Device selection is going to be hard. Lots of devices only operate via the cloud anyway, one easy solution is to dive straight into Zigbee and/or Zwave devices, these devices communicate via radio and pretty much can’t violate your privacy as they don’t have an internet connection. For WiFi devices, it’s a lot more complicated, devices generally don’t tell you upfront and will require reverse engineering to figure out how they work. Lots of stuff may say they are local only but then require the manufacturers app and an account to setup. There are some that are designed well (Shelly is a great example), but most sadly are not. As a blanket statement I would say avoid anything WiFi or Ethernet unless you are confident they are local only, and you have a networking setup that allows you to firewall their internet access. Sometimes devices are significantly more expensive, for example a ring doorbell is only £50, while my Dahua VTO2202F-P is more like £150, but at least it works fully locally.
Amusingly, I don’t much care about the privacy aspect, I just want my stuff to work when my internet is down, and I don’t want to build my smart home around devices that the manufacturer will eventually drop support for. People will ridicule you for it and tell you to go buy an Amazon echo, so no doubt enjoy that too.
Good luck, and if you have questions, feel free to ask.
I’m curious about a robot vacuum with a SSH back door. My Google Fu is failing me on this one.
Dreame, Here you go 29:41.
Home- assistant premise is to run everything locally as much as possible to avoid the dependence on cloud based devices and / or their cloud based services. There is a learning curve no doubt… and can be a bit overwhelming at first but imo worth it.
There is a huge following and literally thousands of videos on YouTube going into detail on so many specifics. Maybe look into it…

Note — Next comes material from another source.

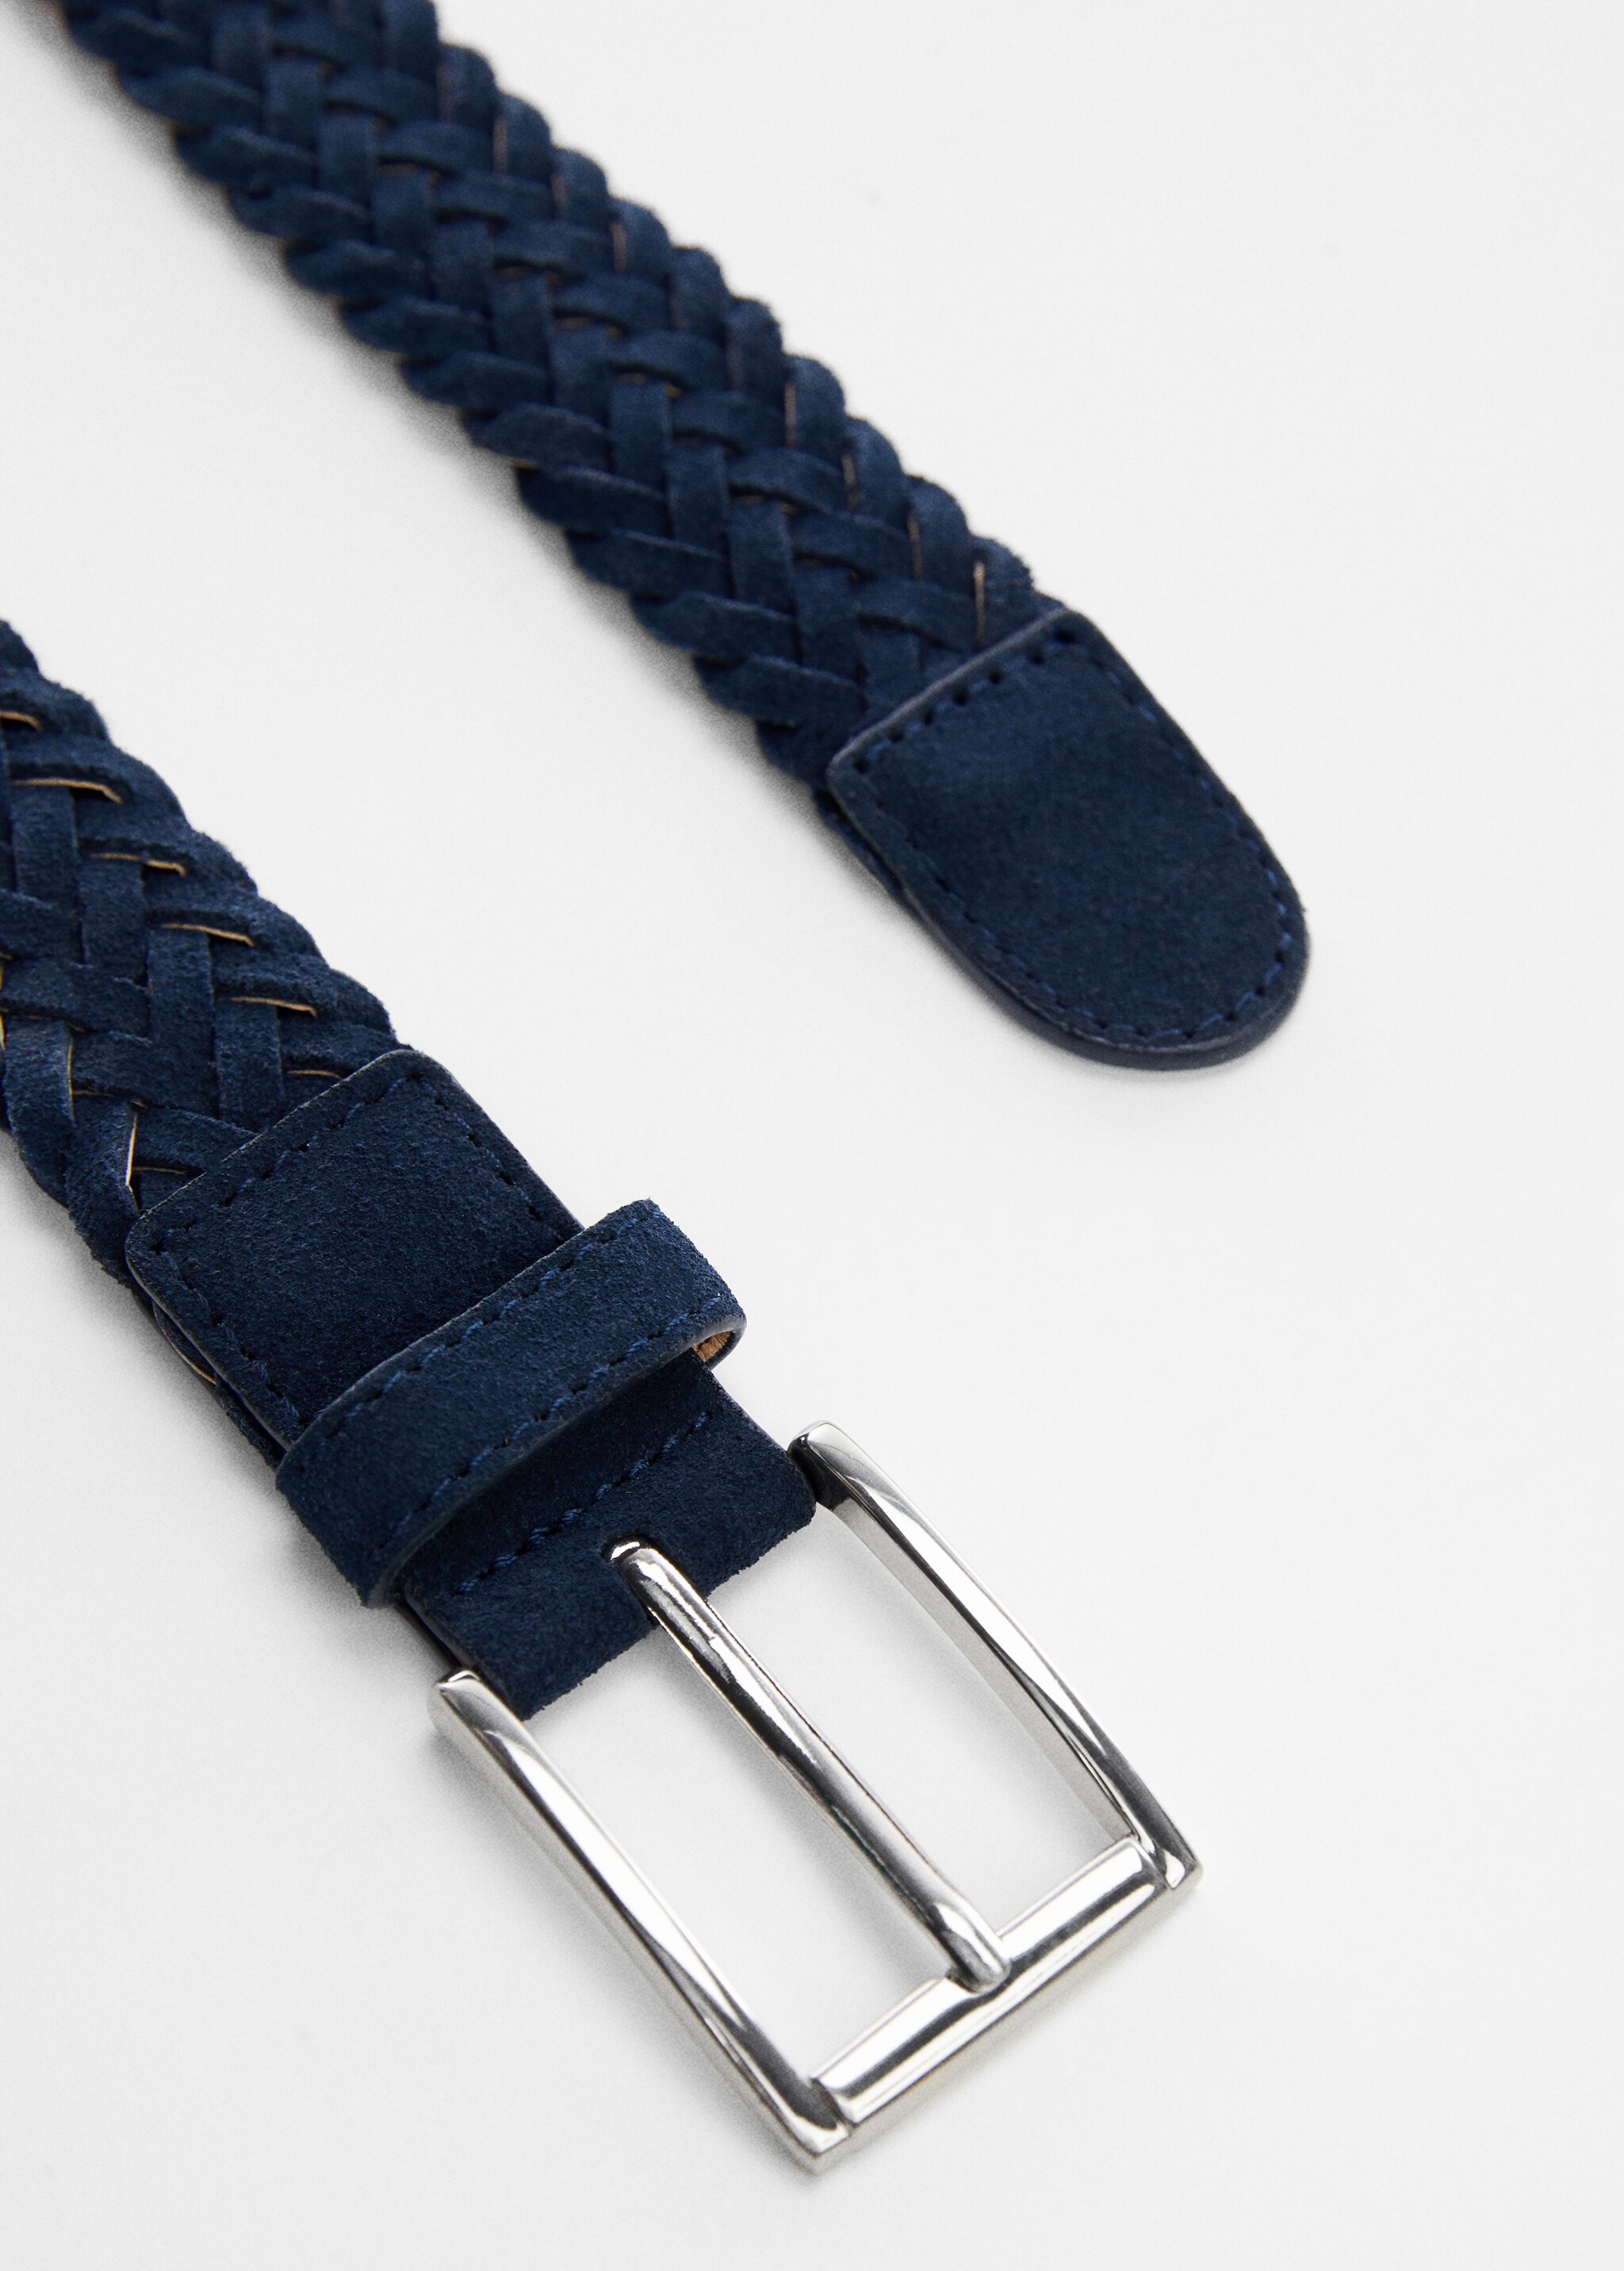 Braided suede belt - Details of the article 1

Potentially setting off a war here, but isn’t Home Assistant even in the process of adding Matter support to obviate the need for Zigbee and Z-wave in favor of Wi-Fi, Bluetooth, and Thread?

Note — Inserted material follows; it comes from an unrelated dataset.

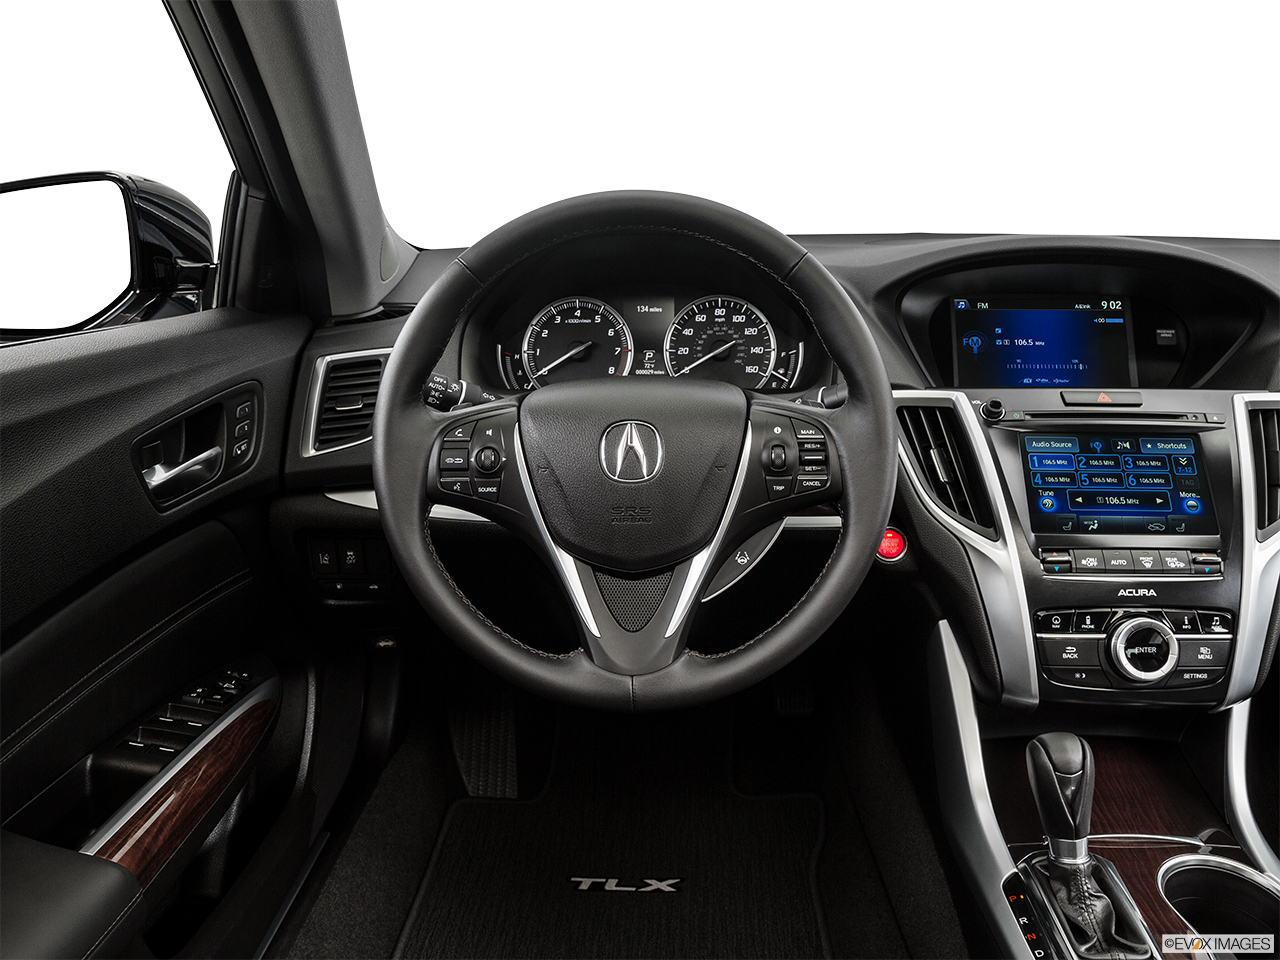 2015 Acura TLX 2.4 8-DCP P-AWS Steering wheel/Center Console.

That’s honestly all I’m waiting for since all my smart devices support Matter and I’ll slowly introduce more as more become available.
Setting up with only local Integrations is the way forward. Then VLANs can help with the rest.
VLANs are not the only answer. If your smart hub on its private IoT VLAN becomes a bot farm victim and consumes all your ISP bandwidth and/or gets your IP blacklisted you’re still hooped.
Defense in depth is key, VLANs help, but also specific firewall rules, keep up patching, smart password and MFA practices, etc.